▸ **What this task involves**
Copy the following data exactly and drop the pictures.
─── Source material ───
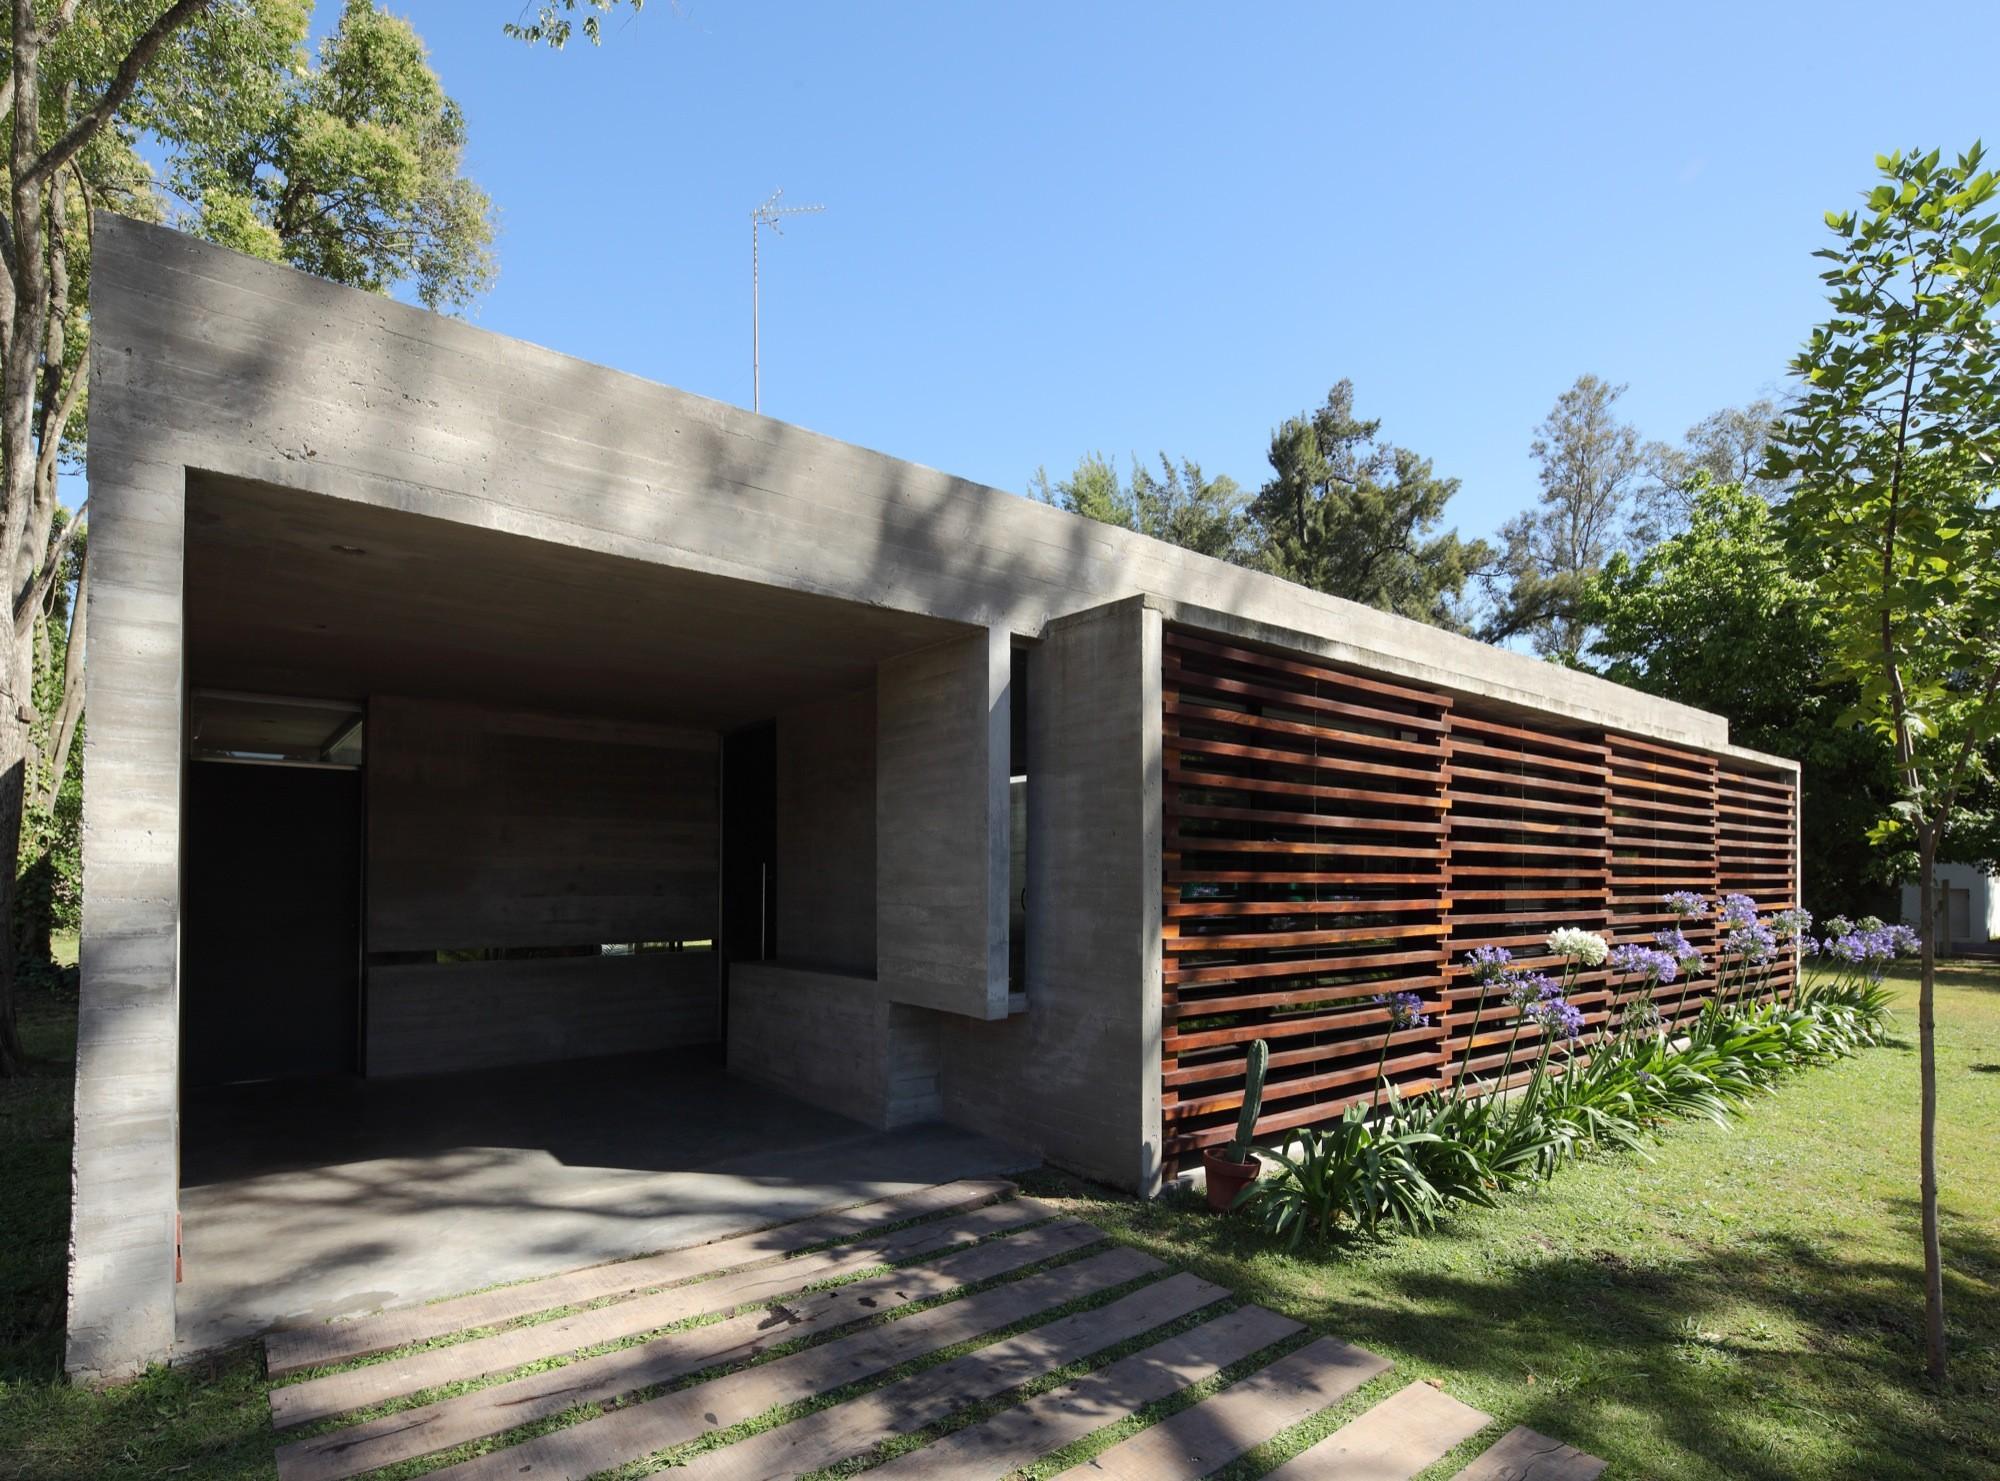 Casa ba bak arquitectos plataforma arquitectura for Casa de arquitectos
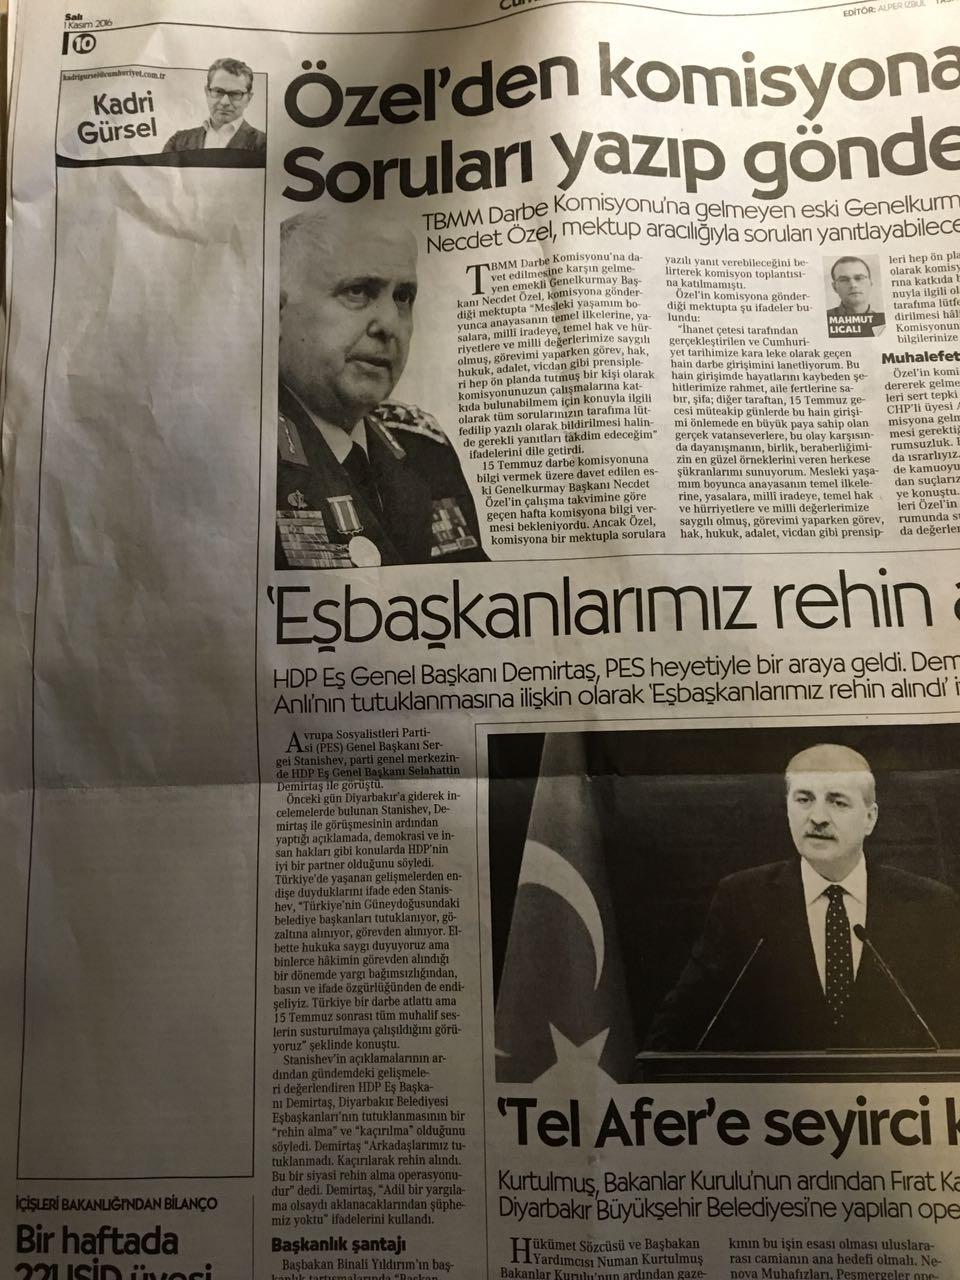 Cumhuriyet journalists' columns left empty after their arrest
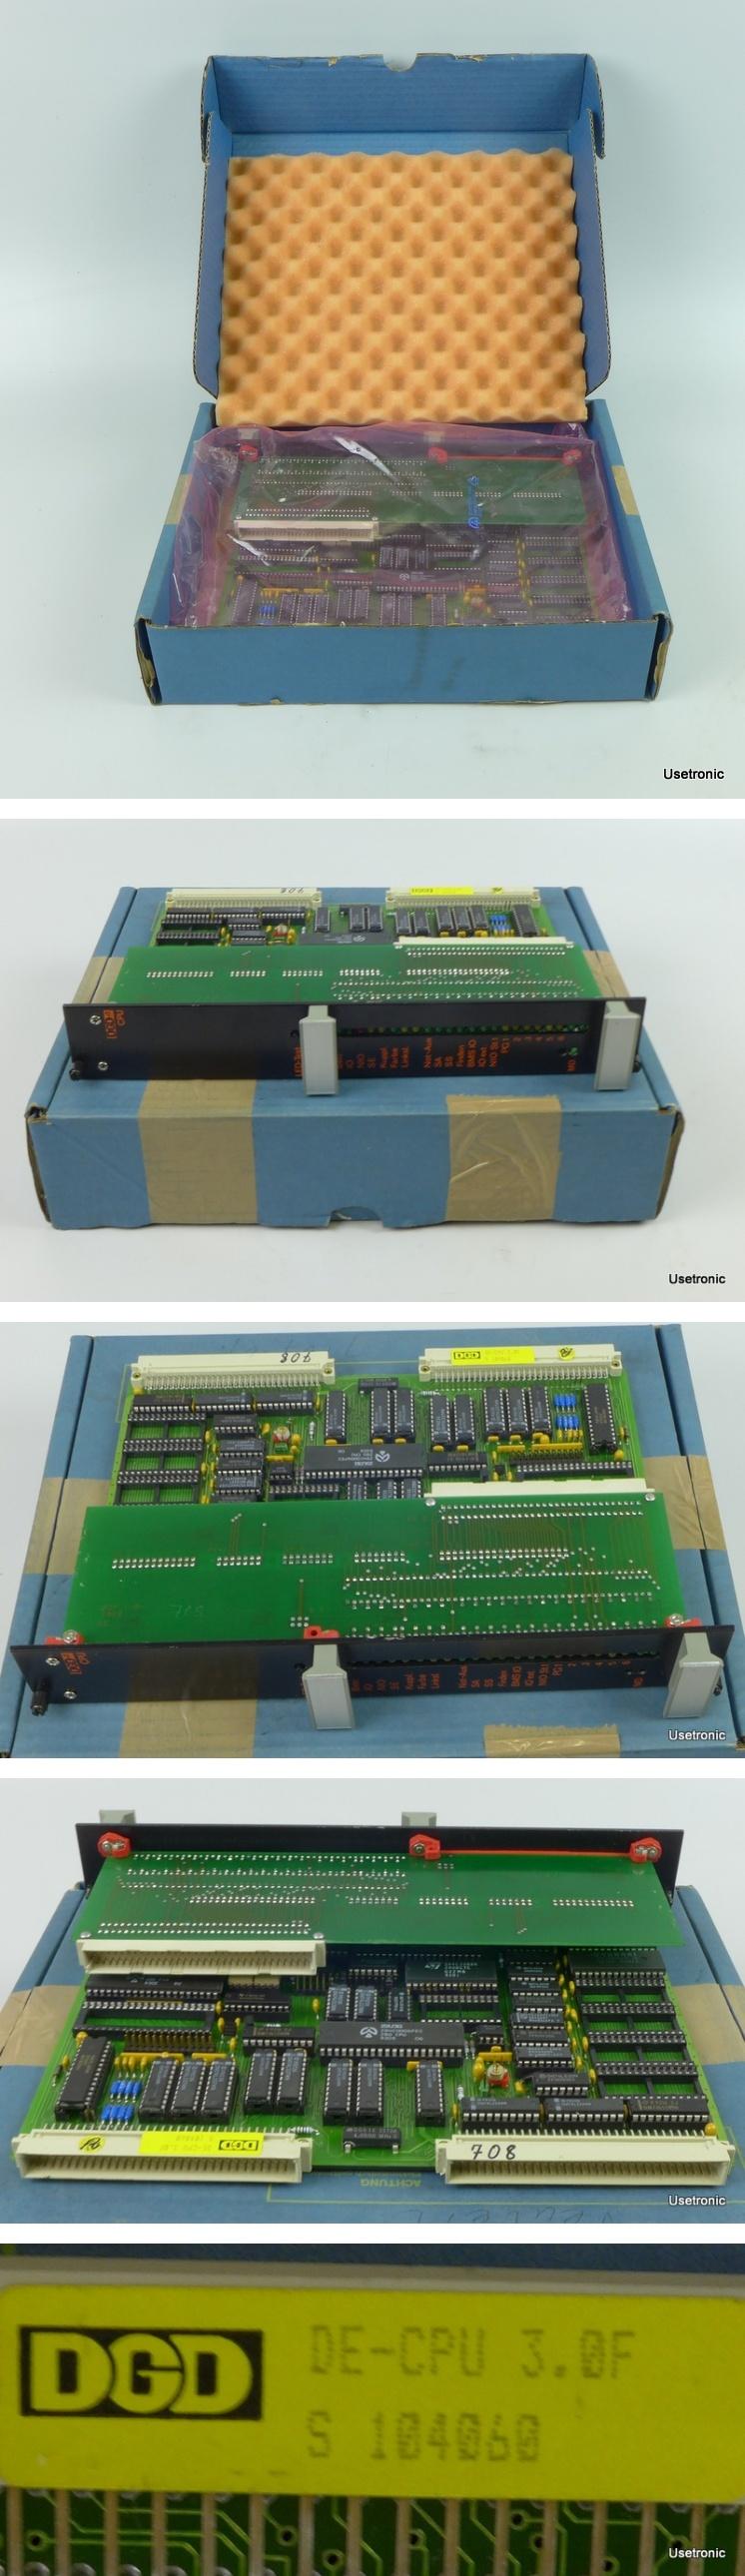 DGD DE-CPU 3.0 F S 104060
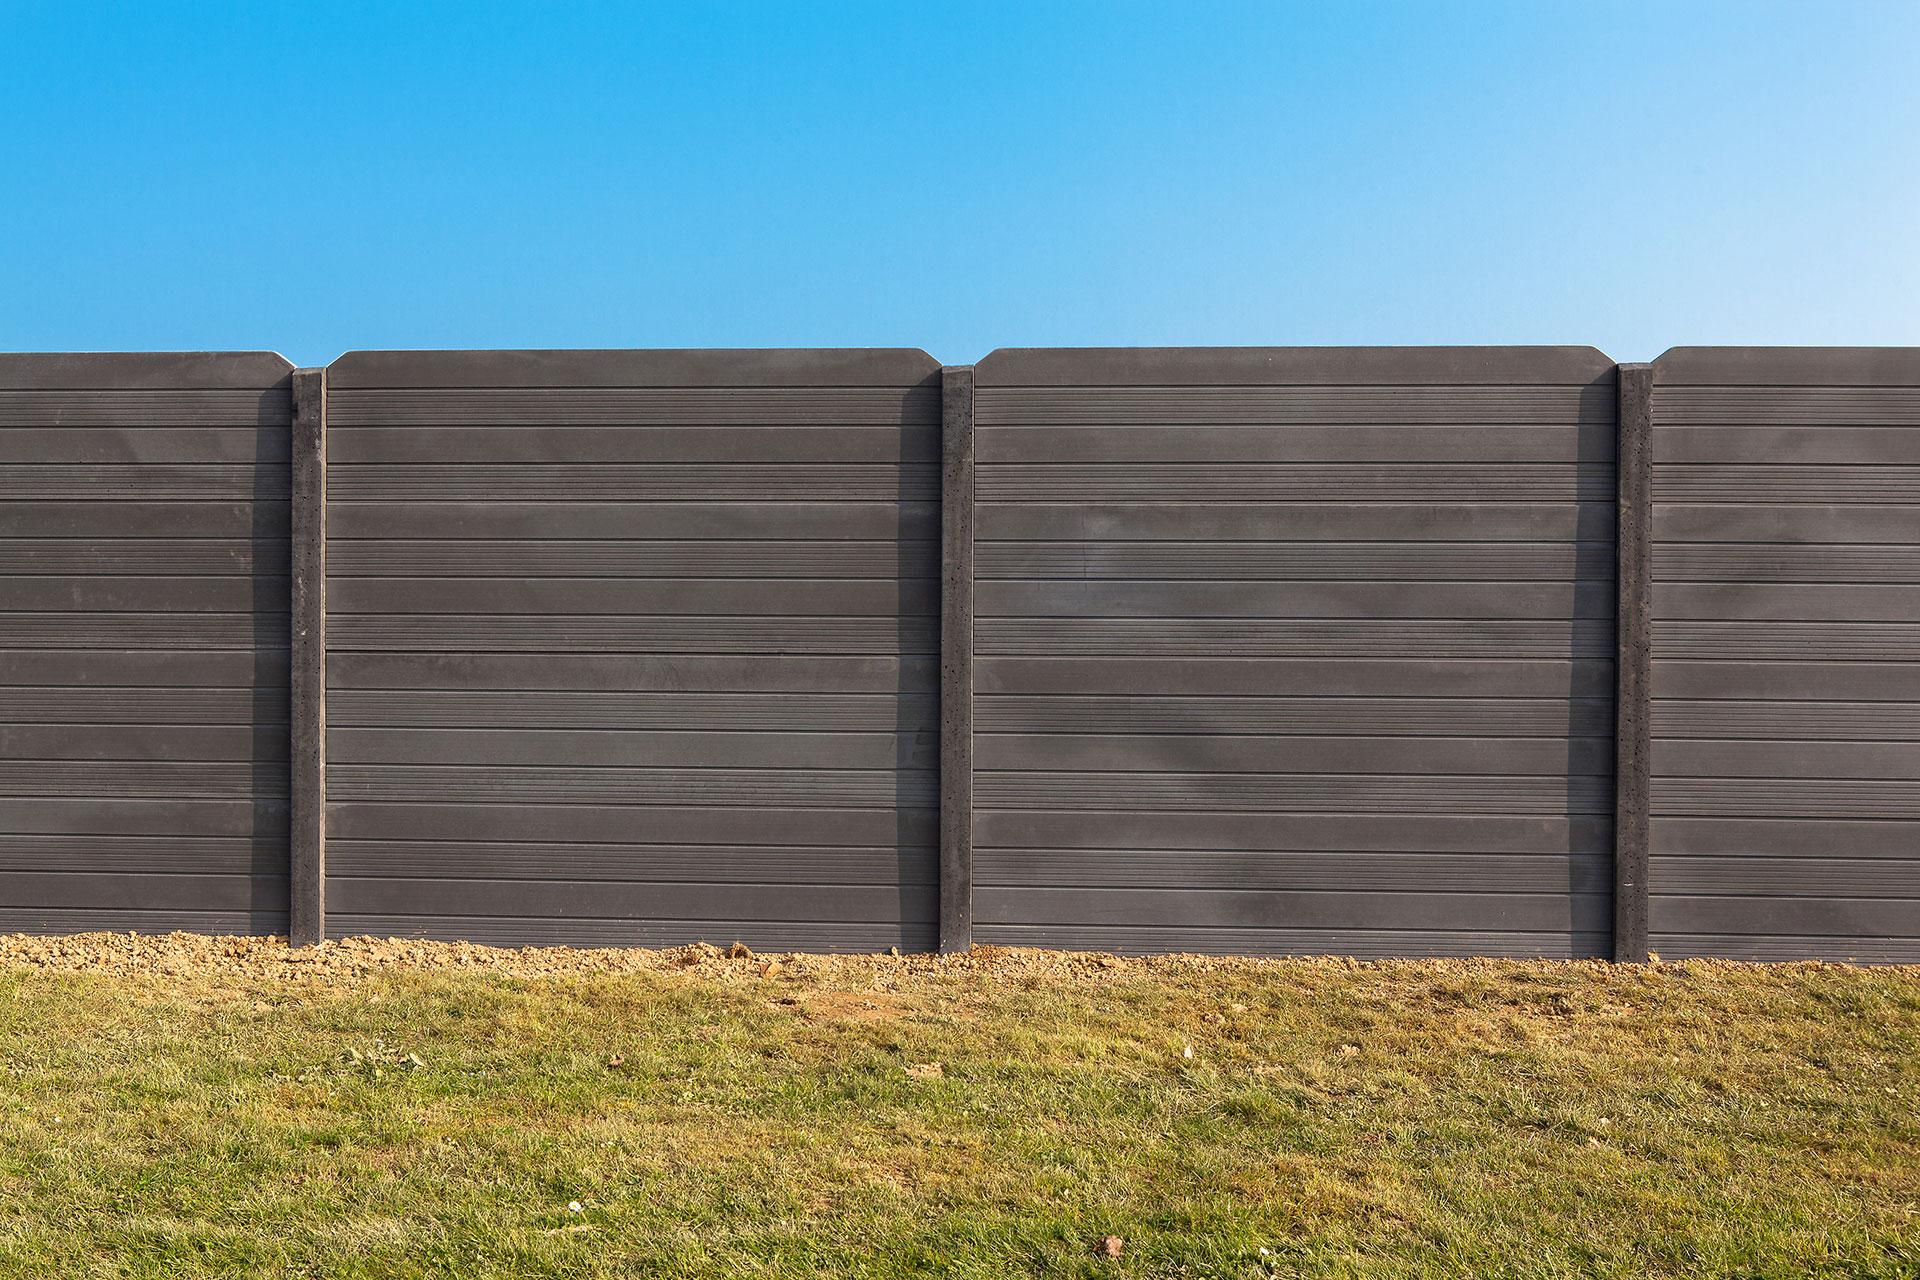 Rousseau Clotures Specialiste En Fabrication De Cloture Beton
───
▸ **Response box**
 Casa ba bak arquitectos plataforma arquitectura for Casa de arquitectos
 Cumhuriyet journalists' columns left empty after their arrest
 DGD DE-CPU 3.0 F S 104060
 Rousseau Clotures Specialiste En Fabrication De Cloture Beton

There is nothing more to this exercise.